Следует сказать, что она больше не смотрела на мужчин… Не было настроения… Если она и выходила в свет, то лишь чтобы найти денег. В них она нуждалась. Срочно! Как ей содержать двоих детей, где им жить, чем их кормить? Родня дала ей понять, что к концу лета прекратит помощь матери с отпрысками. Что же касается этой скряги — золовки, у которой золота куры не клюют, тут и надеяться не на что.
Да, ей понадобилось время, чтобы заметить его.
Не будь он столь навязчив, она бы его и не увидела. Не пробейся он к ней сквозь толпу в переполненной гостиной.

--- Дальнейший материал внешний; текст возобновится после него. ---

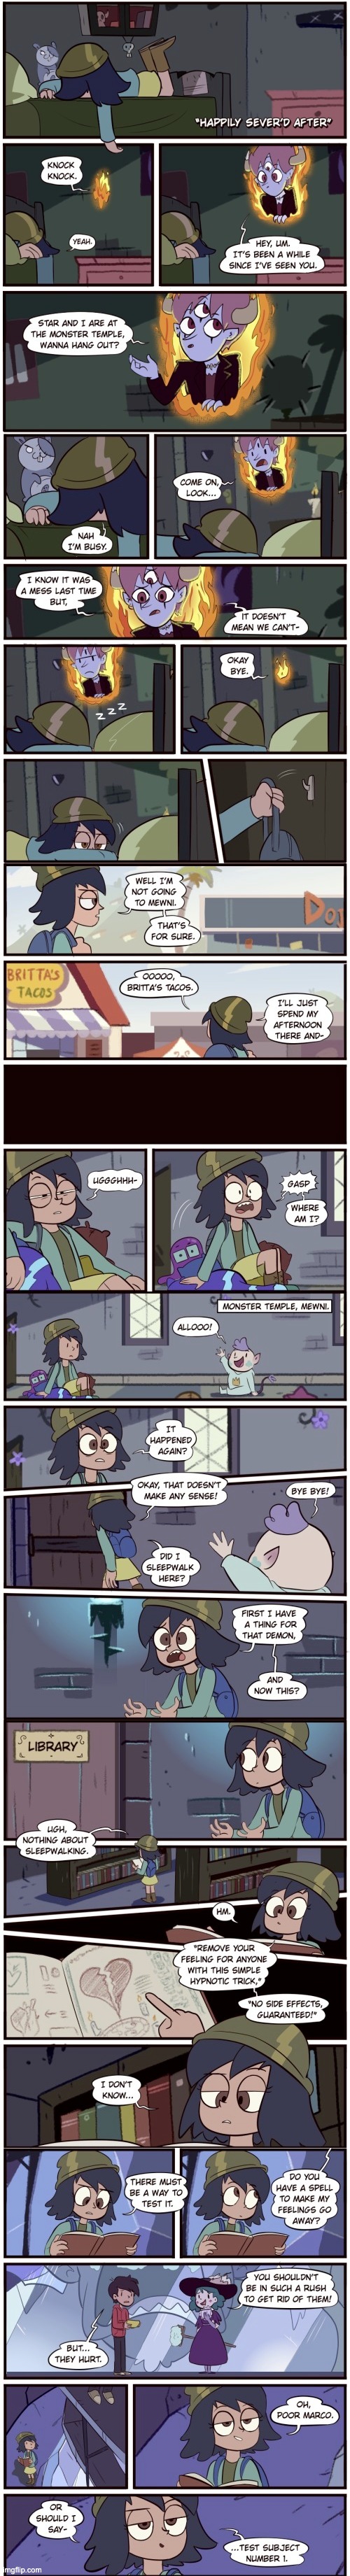 Tom vs Jannanigans: Happily Sever’d After (Part 1) | image tagged in morningmark,comics/cartoons,svtfoe,star vs the forces of evil,comics,memes | made w/ Imgflip meme maker

Он втиснулся между камином и монументальным букетом, вжался в стену и оказался прямо перед ней, так что ей пришлось смотреть на него, а потом завязал разговор. Лучше сказать, говорил он один, потому что она, не отвечая, взглядом искала среди приглашенных на этот чертов вечер того, кто мог бы оказаться ей полезен. То есть вероятного работодателя. Ничего не поделаешь, ей надо вкалывать… Мужчины? У нее с этим покончено! Она достаточно отдавалась. Чтобы не было никакого недоразумения: она достаточно себя отдала одному мужчине. Единственному. Ну то есть почти… Своему мужу. А он взял да исчез! Что за дурацкая затея! В тридцать с хвостиком… Помирать рановато. Тем более что он всегда отличался лучшим здоровьем, чем она. Когда ей приходилось облегчать свои недуги в Бадене, где она частенько принимала процедуры, он непрестанно суетился, работал, бежал куда-то. Неужели она вышла бы за него девятью годами раньше, догадайся тогда, что он оставит ее одну, без единого су, с долгами и двумя сиротами? Разумеется, нет. Ее мать воспротивилась бы этому! Милая мамочка… Увы, много ли мы понимаем в двадцать лет? Впрочем, в тридцать или шестьдесят не больше… Мы не знаем будущего, потому что сами создаем его.
Подле нее продолжал производить звуки биологический индивид. Ну и ладно. Так она не выглядит заброшенной. В этом блестящем обществе нет ничего хуже: стоит только показаться одиноким, и вот ты уже один. Вена немилосердна к тому, кто не соблюдает правил ее игры.
О чем он говорил? Не важно. В его тоне не было ни равнодушия, ни вызова. И на том спасибо. Ни то ни се.
А что, если поймать этого знаменитого ворона в черном шелковом костюме и с крючковатым носом? Говорят, будто он организует концерты и хорошо платит оркестрантам. Да, пожалуй, стоит его подцепить. Слишком поздно. Пташка улетела…
И тут ее тоскливый безликий сосед назвал ее по имени.
— Как, вы меня знаете? — удивилась она.
Он с поклоном выразил ей соболезнования.
Она воскликнула:
— Мы прежде уже встречались?
— Ваша сестра, великолепная певица, которую мне посчастливилось слышать в Регенсбурге, только что рассказала мне о вашей трагедии. Еще раз приношу вам свои соболезнования.
«Что же я за дуреха! — подумала она. — Рыщу повсюду в поисках жертвы, а дичь-то, похоже, тут, рядом со мной. Ну-ка, кто он такой? И что у него за акцент?»
Игриво подхватив беседу, она узнала, что он дипломат, прибыл из Копенгагена и ему очень нравится в Вене.
— Вы любите музыку?
— Страстно.
Она не поверила. Смерив его взглядом, она убедилась: этот человек ничем не увлекается с жаром. Значит, он пытается ее подцепить…
Забавы ради она решила перейти в наступление.
— Я пою, — прошептала она. — О, не так прекрасно, как моя сестра, но совсем неплохо. Некоторые считают, что я более трогательна.
— Да что вы?
— Мы учились у одних педагогов. У лучших.
В знак восхищения он издал свистящий звук губами. Она его приманила. И теперь размышляла о сумме своего гонорара.
— Вы бы не хотели, чтобы я приехала петь для датчан?
Он схватил ее руку:
— Насчет датчан не уверен. Но для меня — разумеется.
* * *Возможно ли, что она все еще соблазнительна?